Harvest Time 5 out of 5 stars.
5 of 5 people found this review helpful.

The other reviewer gets it right, though I would not call this a detective story it's clearly an experiment in mixing up genres and blending them together. Each of the novel's four parts has its own form, perhaps to lure you in, for they progress from the fairly traditional to the more and more difficult. I opened this book to around page 80 and nearly gave it up, convinced I wasn't even going to be able to penetrate it, but luckily common sense convinced me to start again this time from page one, and maybe that would be easier going. Sure enough, by the time I reached page 80 through this method I was on an endorphin high and I felt that the author was writing directly onto my brain.

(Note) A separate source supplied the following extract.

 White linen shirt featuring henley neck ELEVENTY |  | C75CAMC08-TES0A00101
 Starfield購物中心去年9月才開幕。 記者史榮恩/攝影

The main character, a poet and land surveyor called Les, lives somewhere in the south, maybe Tennessee or Arkansas, where his dark and smoldering good looks make hopeless wrecks out of the men and women who can't help loving that man. Even though Les is fairly obscure someone is apparently making a documentary film of his life. It become clear that Les is living the "Captain's paradise" sort of lifestyle, he's married to one woman (Cora) while living with another (Sarah, a poet herself), but the hounds of hell lope after him as well. It's hard to write this sort of Byronic, doomed, charismatic character, and I have yet to work out exactly how Forrest Gander succeeds so splendidly, but part of it must be the choices he makes in his narrators and the focus he pays on the way they perceive not only his sensual attractions but the entire landscape and social milieu in which he dwells. In a way the book feels very private and raw, and in other ways it feels very public, because that's the double edge of the roman a clef, and AS A FRIEND is patently a novel inspired by the real life poet Frank Stanford (1948-78) and yet it isn't about Stanford entirely.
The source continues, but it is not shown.